Lilly made a low sound of dismay, then jumped to her feet. Confused beyond reason, Sam looked at her with questioning eyes, then turned to Charlotte. Before he managed to gather his wits to compose a logical question, Lilly picked up her skirts and ran away, leaving Sam and Charlotte behind.

Charlotte appeared as puzzled as Sam felt, but normal. No swelling was visible, not one sign of a sting.

It was uncanny. And Sam had no idea what to make of it. Charlotte seemed to have recovered fully, so Sam left her where she stood, and went after Lilly.

He had questions.

But he had no idea where to begin.

He caught up with her at the lake, past the tall black rocks by the cove where he’d gone swimming with Lilly, Charlotte and Tom. Her shoes and stockings had been abandoned in the sand, and she stood almost knee-deep in the water. Sam was afraid she intended to put even more distance between them, and would try to swim, weighted down by her skirts.

“Lilly!”

A look of utter devastation marred her perfect features when she turned to him, her eyes bright with tears, her nose red from weeping.

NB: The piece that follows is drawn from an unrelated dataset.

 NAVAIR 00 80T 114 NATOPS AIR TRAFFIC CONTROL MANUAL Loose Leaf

Sam couldn’t understand what had upset her so, any more than he was able to comprehend what had happened to Charlotte and the chestnut tree.

“It was me,” she said as if reading his thoughts. “I never asked for it, and I’ve never harmed anyone with it…but somehow—” A muted sob racked her body, and she hugged herself and turned away.

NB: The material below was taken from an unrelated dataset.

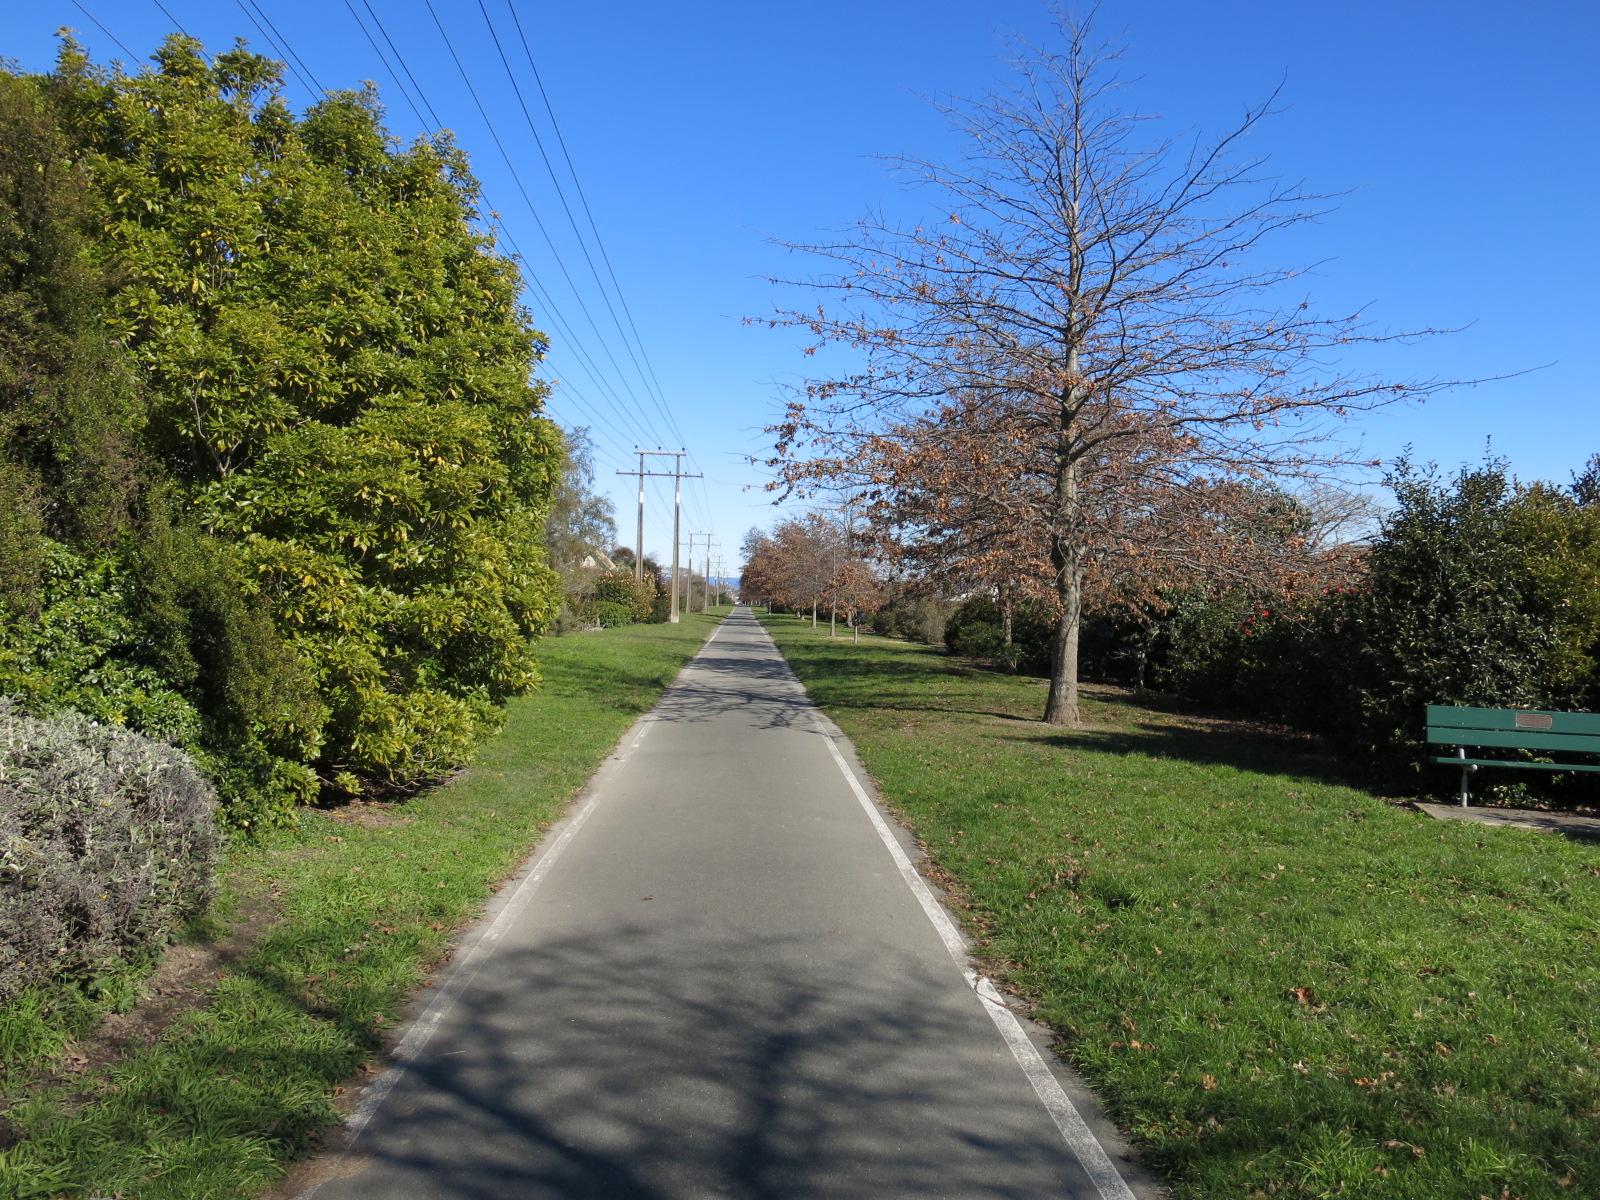 Rail Way Reserve 我が家の裏道を抜けるとこの遊歩道

“What are you saying, Lilly?”

“This talent, or power—it’s something inside me,” she cried. “The ability to make things happen.
I kept Charlotte from dying.
It’s my fault the chestnut tree came into bloom again, although I didn’t intend that.”

Sam’s gaze remained locked on her, though his eyes wavered and went out of focus. It was not like
Lilly to be irrational, but this was illogical. She could not have saved Charlotte.

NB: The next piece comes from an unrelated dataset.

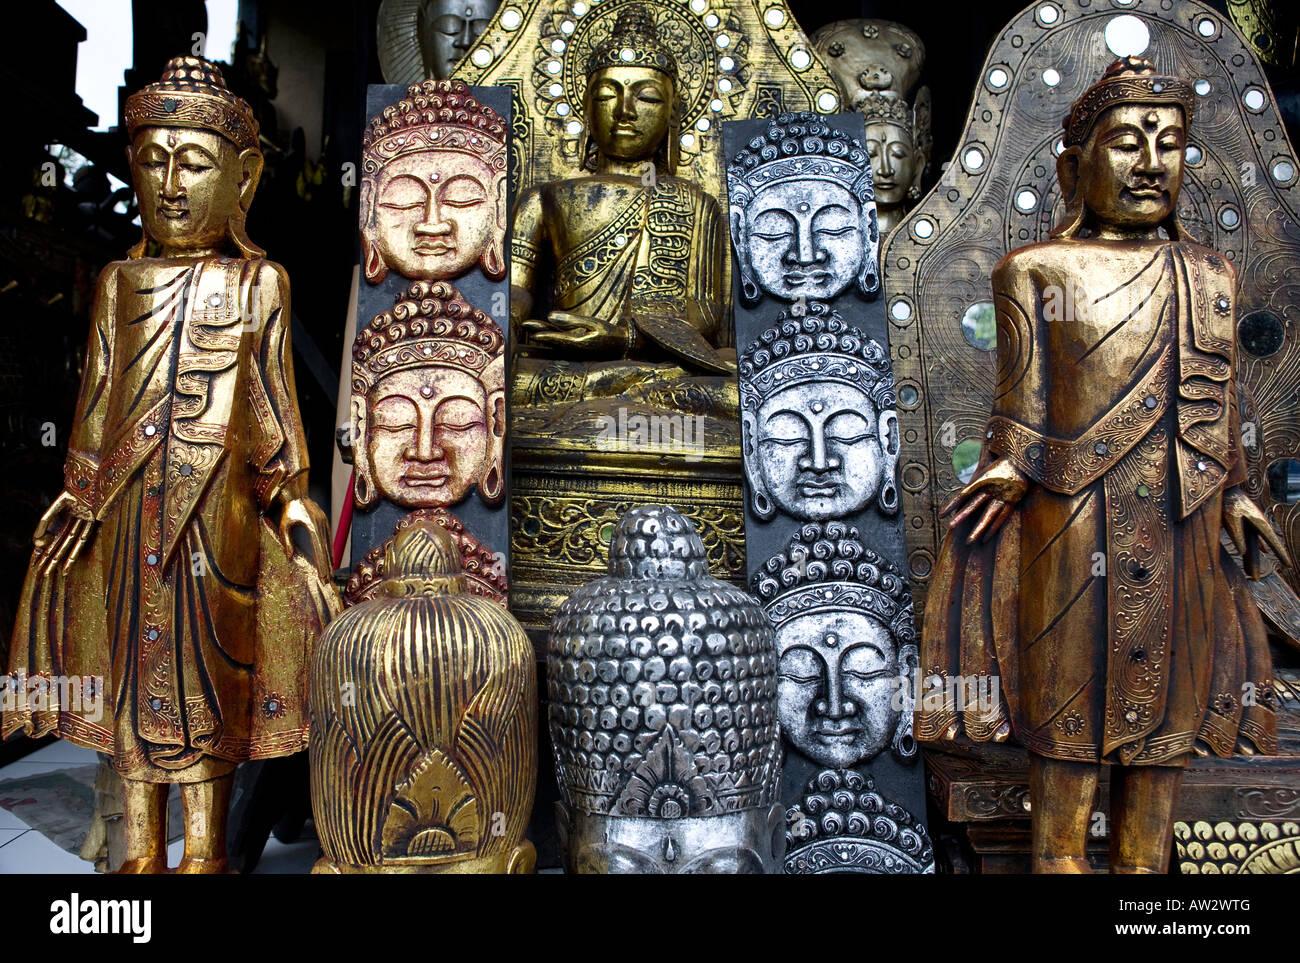 Silver And Gold Buddha Statues Ubud Bali Indonesia - Stock Image

Nothing could have saved Charlotte.

But the girl was back in the woods, as healthy as if she’d never been attacked by the swarm of bees. And the long-dead chestnut tree had new blossoms on it.

Sam shoved his fingers through his hair. “Lilly,” he said as calmly as he could manage. He’d been right about Ravenwell. The entire district was haunted, just as he’d thought on his first day at the inn, when he’d heard a tree fall for no apparent reason. But sorcery?

He’d finally accepted that the ghosts at Ravenwell were real. Now he had to confront witches?

“Come out and talk to me.”

With downcast eyes she slogged to the shore, her demeanor betraying absolute misery.

“I want to understand.”

“You’ll never understand it,” she said quietly. “Even I don’t know what to make of this talent of mine.”

“Tell me, Lilly.”

She looked up at him then, her eyes so full of anguish that he wanted to pull her close and pretend that nothing had happened. But he could not. If what he had just seen was true, then Sam’s entire world of theories and his beloved scientific process was invalid.

“As long as I can remember, I’ve been able to make things happen—with just a thought,” she said in a low, quiet voice. “I used to think everyone could do it… But when Maude brought me to Ravenwell and realized that it was me making the garden
grow, stopping the rain when I wanted to play outside, laying out a meal when none had been prepared, she made me stop. Said it was unnatural.”

“You
make
things happen.” His voice was nothing but a raw croak.

Lilly nodded. “But there’s a drawback. Every time I intervene—use my talent—something strange happens. Something unpredictable and unplanned.”

“What are you saying?”

“A broken window in the attic…a sudden gust of wind…”

Sam thought of some of the other strange things that had occurred since his arrival. The odd weather, the old widow’s amazing vegetable garden, the phantom lovemaking on Penny Top…

He took a step back.

It wasn’t possible. None of this was true.

“The ghosts?” Lilly remarked in an offhand way, although her lower lip quivered and she spoke in an unsteady voice. “They’re not real. But they’re not fraudulent in any conventional way.”

Sam’s head started to throb. “It’s you? You make the ghosts appear…with just a thought?”

“I did it on a whim one night. Everyone was enthralled and I knew—”

“You made it all up so that Ravenwell would attract paying guests.”

“We never have empty rooms anymore,” she said in a small voice.

“The night they showed up in the dining room,” he said, not ready to question her about Penny Top. “What was that?”